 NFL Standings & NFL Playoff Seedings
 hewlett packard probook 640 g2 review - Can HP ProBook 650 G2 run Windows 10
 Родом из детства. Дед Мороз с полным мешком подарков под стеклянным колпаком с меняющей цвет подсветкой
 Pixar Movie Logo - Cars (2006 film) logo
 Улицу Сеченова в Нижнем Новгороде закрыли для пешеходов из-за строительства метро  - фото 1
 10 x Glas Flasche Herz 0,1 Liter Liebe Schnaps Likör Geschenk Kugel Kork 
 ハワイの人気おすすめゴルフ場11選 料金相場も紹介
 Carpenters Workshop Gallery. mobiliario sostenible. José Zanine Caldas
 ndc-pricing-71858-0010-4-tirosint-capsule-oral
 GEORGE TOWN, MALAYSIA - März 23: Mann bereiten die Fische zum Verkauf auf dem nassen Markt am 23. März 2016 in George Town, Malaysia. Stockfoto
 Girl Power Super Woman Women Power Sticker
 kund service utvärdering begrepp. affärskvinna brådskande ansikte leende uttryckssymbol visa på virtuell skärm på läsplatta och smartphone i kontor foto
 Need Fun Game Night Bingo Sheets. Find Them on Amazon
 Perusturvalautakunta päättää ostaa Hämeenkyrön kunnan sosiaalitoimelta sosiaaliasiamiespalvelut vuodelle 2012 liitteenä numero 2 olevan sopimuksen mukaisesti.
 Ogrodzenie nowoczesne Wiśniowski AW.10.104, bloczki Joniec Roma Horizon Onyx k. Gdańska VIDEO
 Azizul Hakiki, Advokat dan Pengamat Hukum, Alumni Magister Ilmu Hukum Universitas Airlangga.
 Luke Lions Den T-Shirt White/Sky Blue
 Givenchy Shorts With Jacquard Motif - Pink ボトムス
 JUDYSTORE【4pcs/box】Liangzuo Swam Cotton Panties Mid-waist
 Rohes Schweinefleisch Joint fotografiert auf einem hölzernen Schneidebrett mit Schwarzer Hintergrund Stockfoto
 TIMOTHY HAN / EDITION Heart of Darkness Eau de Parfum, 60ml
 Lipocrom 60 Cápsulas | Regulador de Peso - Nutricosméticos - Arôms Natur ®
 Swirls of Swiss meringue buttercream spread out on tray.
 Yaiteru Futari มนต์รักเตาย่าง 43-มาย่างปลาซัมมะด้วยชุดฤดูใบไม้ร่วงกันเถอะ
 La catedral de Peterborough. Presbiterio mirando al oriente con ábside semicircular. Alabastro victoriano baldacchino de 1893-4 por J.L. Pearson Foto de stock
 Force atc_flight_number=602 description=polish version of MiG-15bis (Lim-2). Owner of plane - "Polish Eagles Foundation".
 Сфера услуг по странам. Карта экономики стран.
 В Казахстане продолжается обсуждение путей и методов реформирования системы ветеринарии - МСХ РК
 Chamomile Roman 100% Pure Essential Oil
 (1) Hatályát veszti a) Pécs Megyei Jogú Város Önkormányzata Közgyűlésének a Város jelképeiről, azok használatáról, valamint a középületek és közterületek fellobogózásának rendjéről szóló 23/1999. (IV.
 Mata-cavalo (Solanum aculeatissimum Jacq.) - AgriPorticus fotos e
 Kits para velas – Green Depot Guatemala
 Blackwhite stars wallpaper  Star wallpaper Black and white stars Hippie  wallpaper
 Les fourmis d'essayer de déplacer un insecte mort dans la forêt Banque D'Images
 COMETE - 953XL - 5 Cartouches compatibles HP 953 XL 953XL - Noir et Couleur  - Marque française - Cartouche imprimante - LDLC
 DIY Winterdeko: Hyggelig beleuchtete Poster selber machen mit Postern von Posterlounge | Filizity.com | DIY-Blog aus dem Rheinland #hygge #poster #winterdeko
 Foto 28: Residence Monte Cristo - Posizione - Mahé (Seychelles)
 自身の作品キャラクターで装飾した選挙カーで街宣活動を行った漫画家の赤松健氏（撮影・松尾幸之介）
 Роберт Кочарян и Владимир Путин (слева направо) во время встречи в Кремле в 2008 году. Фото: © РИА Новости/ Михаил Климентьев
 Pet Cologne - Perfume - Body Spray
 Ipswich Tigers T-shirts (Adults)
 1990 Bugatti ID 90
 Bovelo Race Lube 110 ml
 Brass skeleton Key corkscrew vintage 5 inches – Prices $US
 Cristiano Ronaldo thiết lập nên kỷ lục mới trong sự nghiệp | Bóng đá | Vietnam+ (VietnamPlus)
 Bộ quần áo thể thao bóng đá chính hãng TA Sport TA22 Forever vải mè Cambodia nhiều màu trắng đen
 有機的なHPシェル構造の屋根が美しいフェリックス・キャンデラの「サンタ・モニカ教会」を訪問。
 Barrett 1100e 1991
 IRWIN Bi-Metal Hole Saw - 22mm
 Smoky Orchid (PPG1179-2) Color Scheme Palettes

> [GOAL OF THE EXERCISE]: Search the listing above for the lines with "Rohes Schweinefleisch Joint" and "Swirls of Swiss", then output those lines and all lines between them exactly.

> [EXERCISE RESPONSE]:
 Rohes Schweinefleisch Joint fotografiert auf einem hölzernen Schneidebrett mit Schwarzer Hintergrund Stockfoto
 TIMOTHY HAN / EDITION Heart of Darkness Eau de Parfum, 60ml
 Lipocrom 60 Cápsulas | Regulador de Peso - Nutricosméticos - Arôms Natur ®
 Swirls of Swiss meringue buttercream spread out on tray.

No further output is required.